The Vapor X’s Dynamic Fit lacing system is one of my favorite parts about the shoe because it allows me to achieve the ideal fit so that it hugs my foot and keeps it securely in place.
No issues here – it’s excellent, and I never experienced any problems with my foot slipping forward or jamming of my toes when stopping abruptly.
Early in the playtest, I felt light pressure at the outside edge toward the back of my feet right below the swoosh. However, the feeling was short-lived as the shoe continued to break in.
It never presented any significant issues like a blister, so I feel confident in saying there is no major break-in required but felt it was worth noting.
Although the Nike Air Zoom Vapor X is one of the lighter weight high-performance tennis shoes out there, it doesn’t disappoint in the stability department in large part due to the lacing system and foot frame.
As I was moving through footwork drills on the ladder, the shoes held up well and offered terrific support for confident and precise movement. The same was true as I moved from side to side hitting groundstrokes, transitioning forward to the net, or backpedaling to track down a lob.
Upfront under the ball of your foot, the Vapor X offers plenty of width for a stable platform and excellent balance.
For maximum stability, I do recommend using the top eyelet, which will allow the laces to hug your ankle for a snug and supportive fit.
The traction offered by Nike’s extra-durable rubber (XDR) outsoles is excellent. The shoes are super grippy for confident movement around the court, and I didn’t have any issues with quick starts or controlled stops.
Although the outsole provides excellent traction, its durability isn’t a strength, and as most who have used prior generations can attest to, never has been when it comes to the Air Zoom Vapor line.
To be fair, I do believe Nike has made some improvements compared to the Vapor 9.5 with more intelligent placement of thicker tread in areas of high wear. However, despite those changes, the outsole is still relatively thin, so the lifespan of the shoes tends to be shorter than others.
Another common area of wear for players tends to be the toe of a shoe. Unfortunately, the Air Zoom Vapor X leaves plenty to be desired without any significant protection higher up at the front of the shoe except for a thing toe cap to cover the more delicate mesh in that area.
Last but not least, the front section of the shoe’s upper, including the vamp, doesn’t offer much protection from abrasion.
If you spring for the Vapor X, don’t expect long-lasting durability.
Although there are lighter-weight tennis shoes on the market, the Vapor X strikes an ideal balance between the weight and other essential features such as stability and comfort.

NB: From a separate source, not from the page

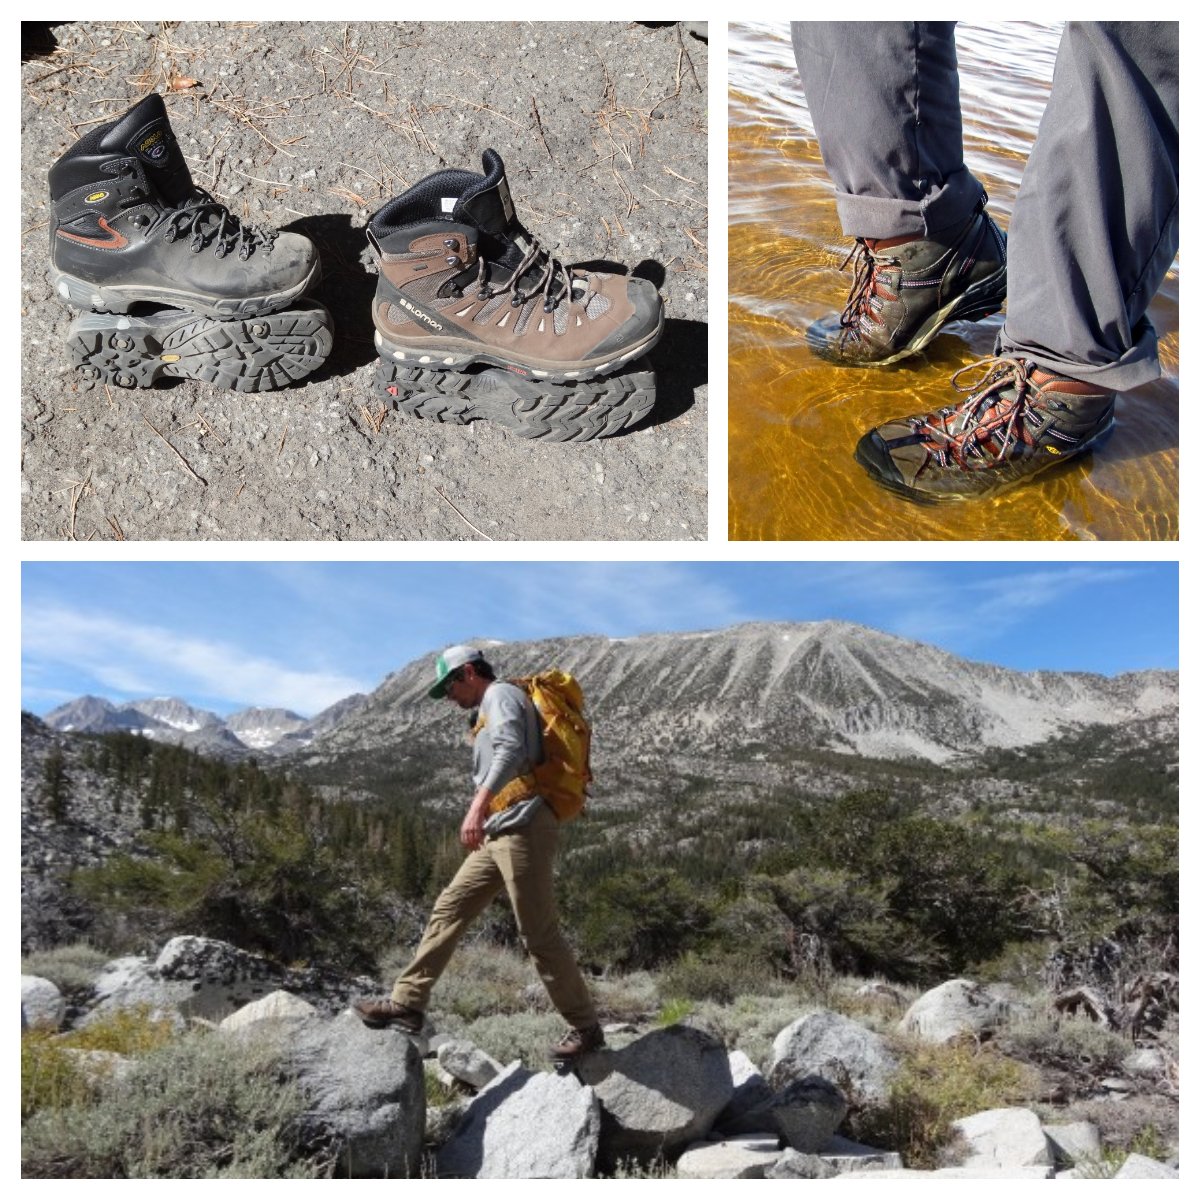 best hiking shoes outdoor gear lab

As I put some work in on the ladder moving through footwork drills, they felt fast, which, combined with their low profile design, is ideal for rapid and more technical movements.
However, part of how the Vapor X achieves its lower weight is by shedding protective material that other shoes on the market offer. The result is a tradeoff between weight and durability that’s important to recognize before buying them.
The Nike Air Zoom Vapor X offers best in class ventilation with wide-open mesh and little protective material on top to prevent heat from escaping.
On a windy day, you can easily feel the breeze enter the shoe, which helps keep your feet dry and comfortable.
However, it’s yet again another tradeoff you’ll make in that you’re not going to get significant durability in the shoe’s upper.
Players looking for a high-performance tennis shoe that offers responsive comfort in a lightweight package will enjoy the Nike Air Zoom Vapor X.
However, if comfort and durability are a top priority or a point of frustration with a previous shoe you’ve owned, then the Vapor X will likely leave you wanting, and you’ll be better suited looking elsewhere.
- Great traction
Lacing up the shoes can be a minor annoyance because they don’t always pull through smoothly without the standard eyelets. Also, the tongue frequently requires adjustment to lay flat before lacing.